For this problem, the solution was either to restrict each page to a fixed image set, or if it was different enough, to move it to a different actual URL and make sure that the text elements of the page talked about the unique aspects of the page. Of course, we 301 redirected the old retired URLs to the new ones.
2. Internal Linking With Images:
Many of the pages on the site used images for their links instead of text links. This is really a lost opportunity, because on site anchor text is very, very powerful. The anchor text informs the search engine what a page is about.

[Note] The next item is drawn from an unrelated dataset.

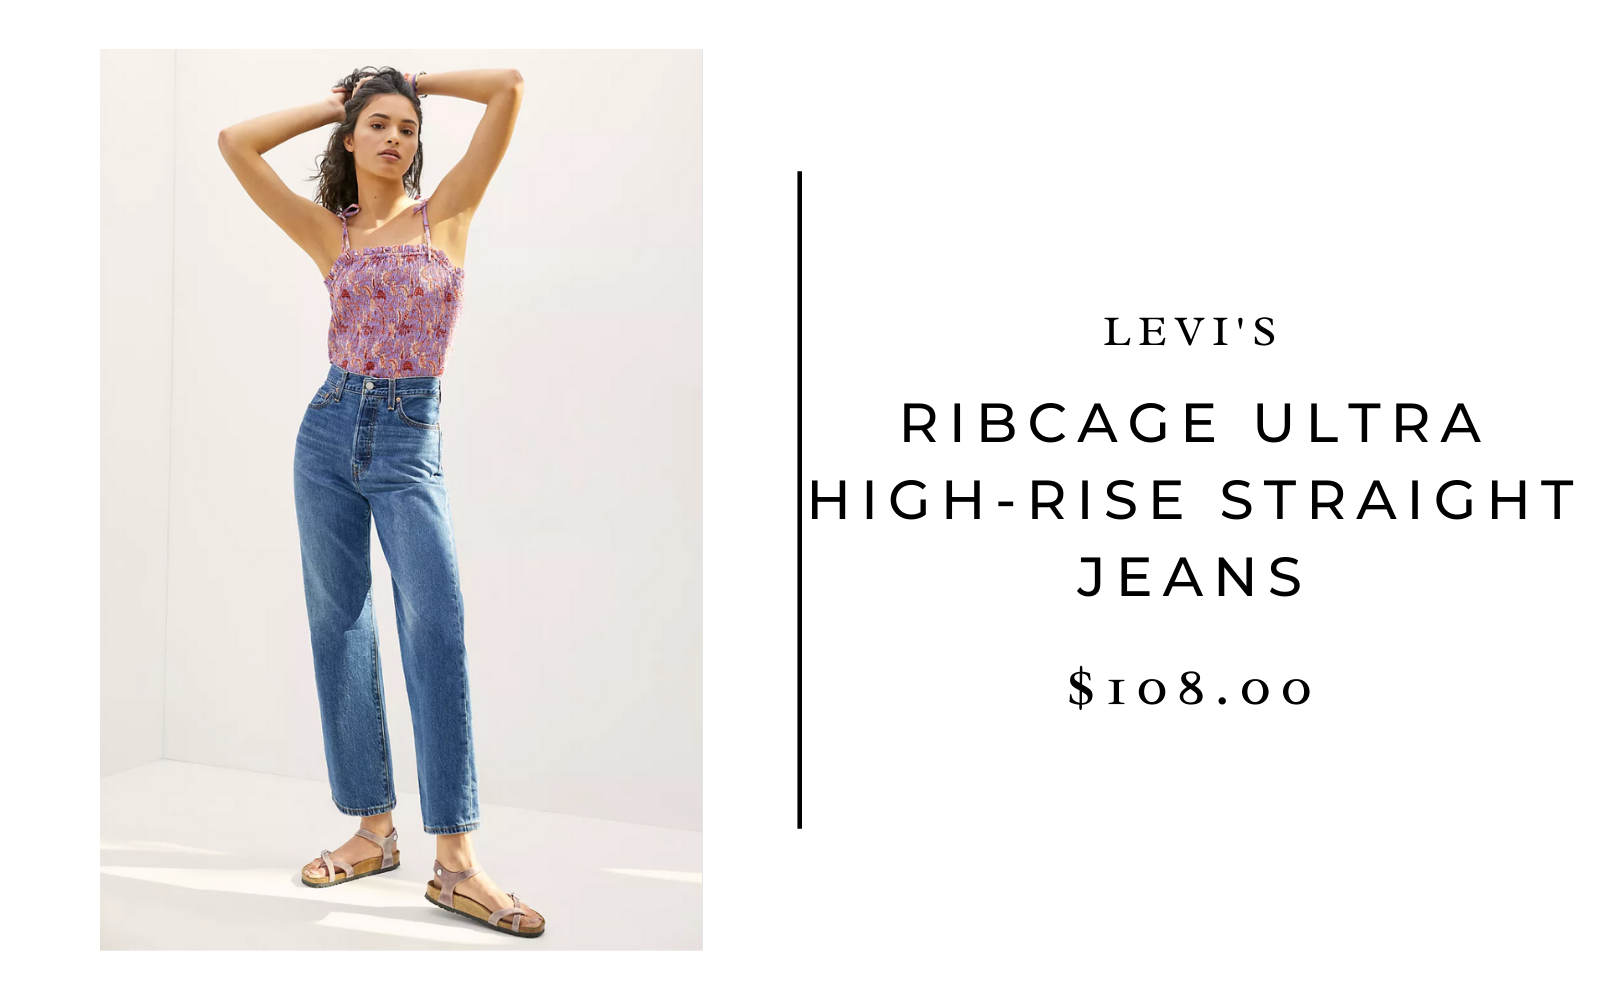 Levi's Ribcage Ultra High-Rise Straight Jeans

However, images can be very valuable in communicating to users, so the solution did not involve removing the images and replacing them with text. What we did here was implement text links that also serve as captions for the image. Using a slice of the home page, here is an example of what we are talking about:
3. Missing alt attributes on images:
As we have said already, search engines can’t identify the content within an image. One thing that you can do to tell a search engine a bit about what is in the image is make use of the alt attribute. When we first began working with the VisualDxHealth site, few of the images on the site had any alt attributes associated with them.
We implemented the alt attributes with good descriptive text. For example:
4. Not enough inbound links:
When we began working with Logical Images the VisualDxHealth site had 168 external links to the domain. We worked closely with Logical Images to promote the site. We implemented programs to get links from colleges and universities, major health industry bloggers, and many other related sites.
Our expertise in these campaigns is identifying and packaging valuable content, and finding creative means of reaching out to webmasters who might be interested. For example, Logical Images highlighted MRSA as a “hot topic” for students and their families, and we were able to develop campaigns that resulted in links from the health departments of colleges and universities, and from numerous grade school web sites.
Logical Images also succeeded in getting the attention of several national institutions and sites that could provide value to their visitors by linking to the content and information presented on the VisualDxHealth site. We worked with Logical Images to make sure that these links were implemented in clean HTML text, and linked to the most relevant pages on the VisualDxHealth site.
As a result of these campaigns, the inbound link count went from 168 to 1030. Given the richness of content for this site, there remain many, many opportunities for additional link building. We have a number of campaigns under way now to gain additional high quality links.
This remains a work in progress, but the results are already excellent. Here is a snapshot:
The charts show an overall growth of traffic for November over May of more than 5 X. Look a little deeper to see the numbers for traffic (visits) directly from search engines (the light blue line). That’s more than a 450% growth in search engine referrals, from about 34,000 to about 160,000!
Needless to say, we are all pleased with the results. One of the major projects that we remain focused on is further growing the quality inbound links into the site. We don’t buy links or implement reciprocal linking campaigns. The focus is entirely on exposing the high quality content of the site to those webmasters who would be interested in it. The other area of focus is the development of more text related content on the site.